The Claim, through its loose, spontaneous style, tries something similar to the muffled sound design of McCabe & Mrs. Miller—to imply a life outside of the movie, one beyond the viewer’s grasp, as if we’re bundled up in winter clothes, moving too slowly to catch up, with a big fur hat blocking our ears and our peripheral vision. (McCabe & Mrs. Miller, which I first saw on home video as a teenager, remains my favorite movie, for its quicksilver, dreamy quality, that subsequent theatrical viewings have never quite dissipated.) Pan-and-scan puts even more of the movie out of our reach.

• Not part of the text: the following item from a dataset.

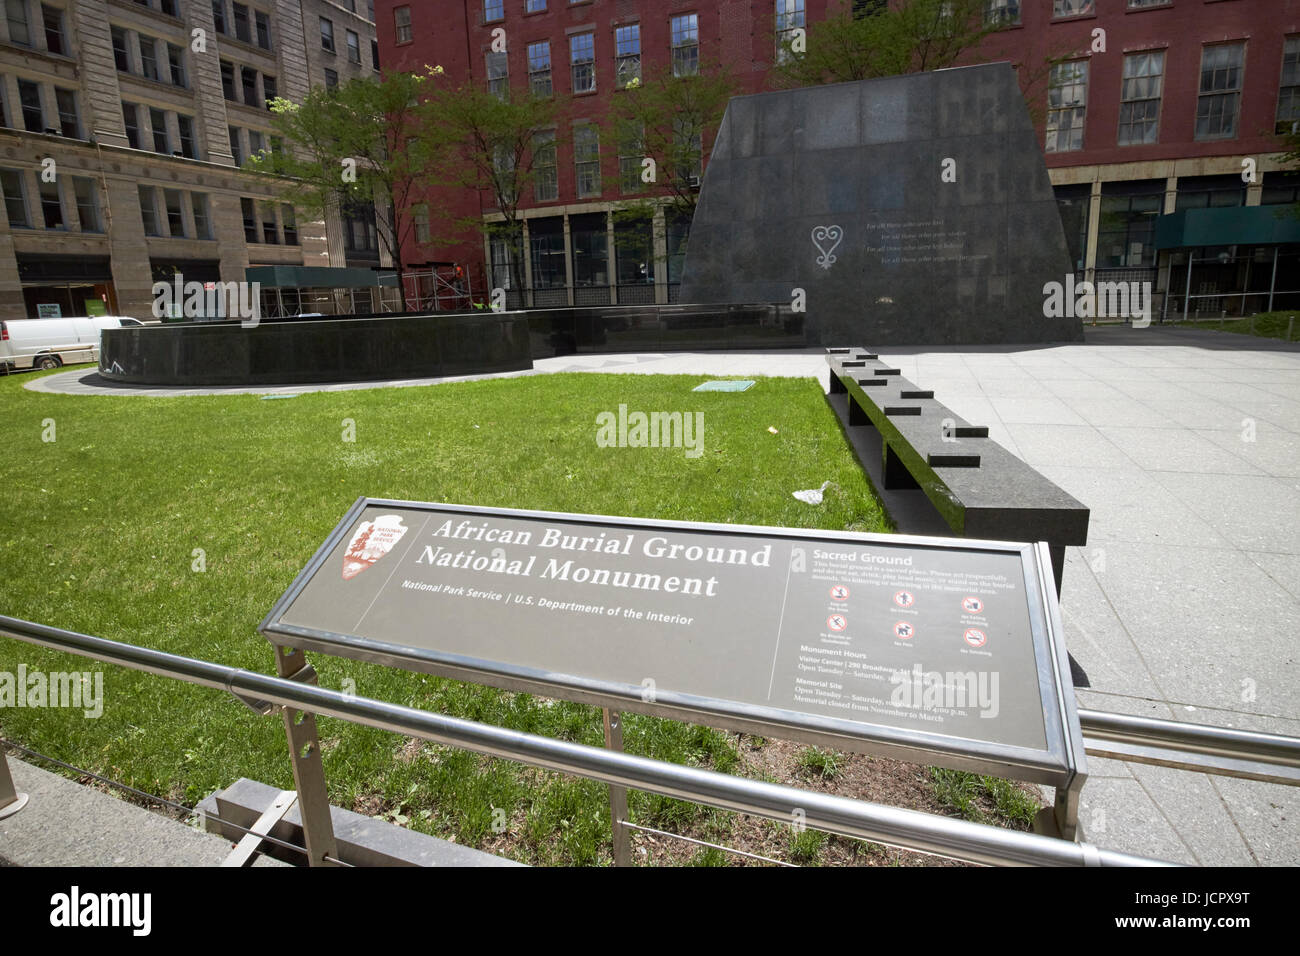 african burial ground national monument civic center New York City USA Stock Photo

And this is true of the format more generally—movies with a third of the picture cut away, watched on degraded tape, on old TVs with bad picture quality and shitty speakers. This, then, is the standard viewing experience I alluded to at the outset—the way cinema looked to those discovering it during the VHS era. The Claim is a movie consciously trying to feel like a mirage, a world barely glimpsed through a haze, but the strange miracle of pan-and-scan, for all its cruddiness, is that so much of film history should appear this way: as art with some of its mystery still intact.